The first three years of a child’s life are critical to building a positive parent-child relationship, said Swanie, and this will also lead to the child’s desire to form emotional relationships with other people as well as maintain them in his later years.

“It helps to build empathy, as a child will learn to be caring when they see how a parent cares for them,” she said. “It’s also a way to positively discipline a child. Discipline should involve going down to their level to get their attention, instead of shouting at them from a higher level. It’s the start of building positive discipline.”

While this action has the benefit of building a parent-child relationship, it also simply ensures that your child is listening to you. “Toddlers tend to have poorer attention spans and, if not spoken to at eye level, they may not be listening,” pointed out Dr Lim. “By having the discipline to speak to children at eye level consistently and, in doing so, actively listening, parents are also indicating an interest in what children may have to say. This allows for mutual respect and will improve communication in the long run.

“When a child is able to receive instructions more clearly, he is less likely to be punished or to get punitive reactions from his parents,” Dr Lim continued. “This aids him in having more positive feelings. Furthermore, a child who has parents who put in the effort towards positive parenting will definitely feel more loved and cared for. This, in turn, allows for better self esteem.”

ACTIVE LISTENING


Crouching down to talk to your toddler basically involves active listening. And it might not always have to be an effort to squat to their level — you can carry the child, then speak to them, or both take a seat so you can speak to your child at eye level.

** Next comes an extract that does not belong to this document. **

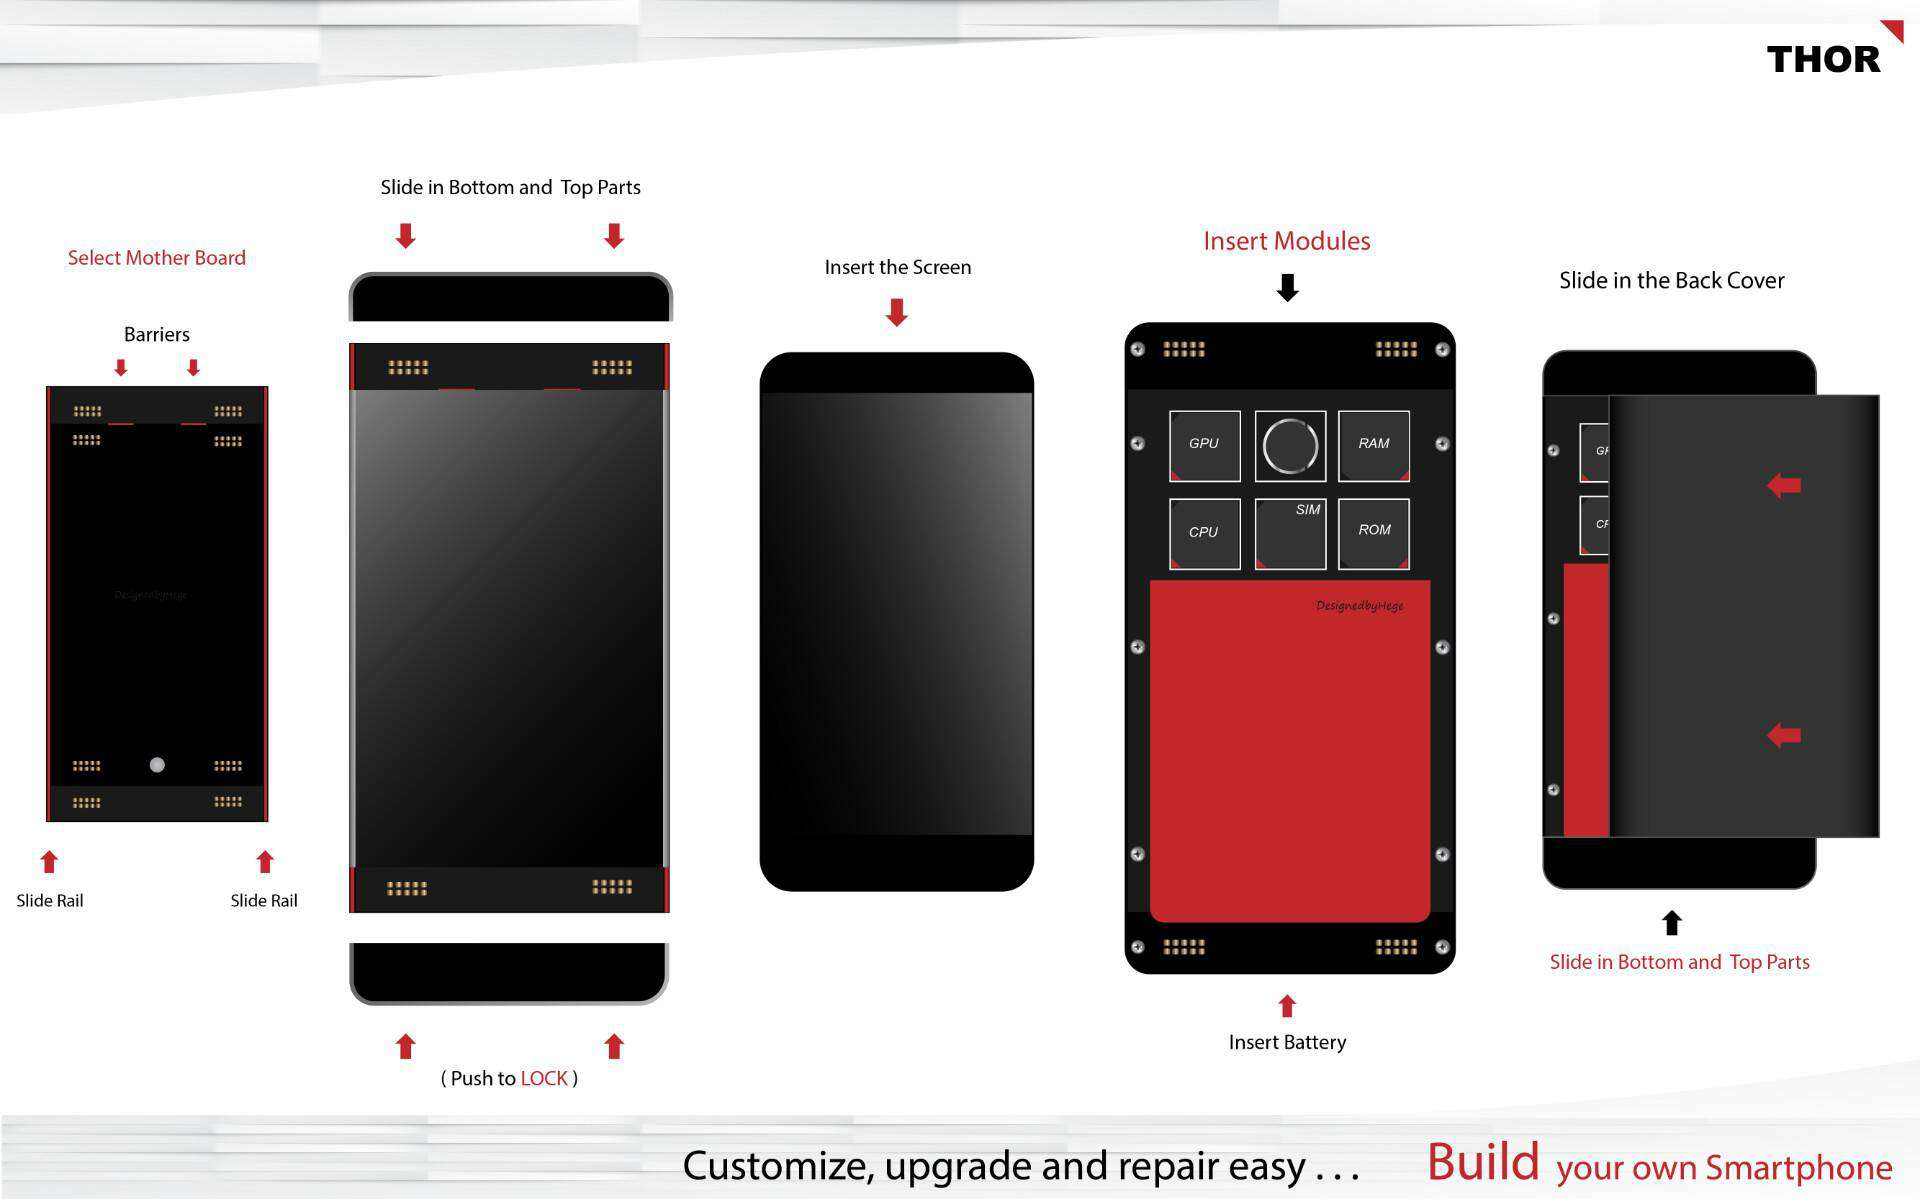 THOR modular smartphone concept 1

“Listening is one of the most important ways of giving children positive attention, and also a way of building a child’s confidence in themselves,” Swanie explained. “When we’re listening, we’re encouraging them to talk and helping them to express their feelings. Listening is the first step, and active listening should be part and parcel of it — stop what you’re doing and go down to their level.”

Other tips for communicating better with your toddler include not interrupting them and being patient instead, as toddlers are learning to communicate and will need time to express themselves.

Dr Lim also suggested not correcting the child’s grammar or pronunciation as this will stop him from wanting to talk. “Be encouraging, but avoid inappropriately praising the child,” he said. “Encourage your child by saying things like, ‘I really like it that you tell me how you feel rather than just crying’. Avoid saying things like, ‘Wah boy boy so clever, can talk so much.’”

Swanie recommends communicating with your child from an early age. “It starts with positive bonding when they’re infants. Talk to them, even at that age. When they start to move around, that’s when parents get irritable as they can’t keep the child down and have to follow the kid around, so it becomes a very highly stimulated environment. But when you start communicating at an early stage, it continues to a later age too.

“If you missed that in their early years, it’s not too late to start now,” she added. “Encourage your child, set time to play together, getting down to their level. Do things that they like to do. Have special one-to-one alone time, going for walks together or teaching the child to do something. It’s all about communicating and building relationships with them, with positive listening.”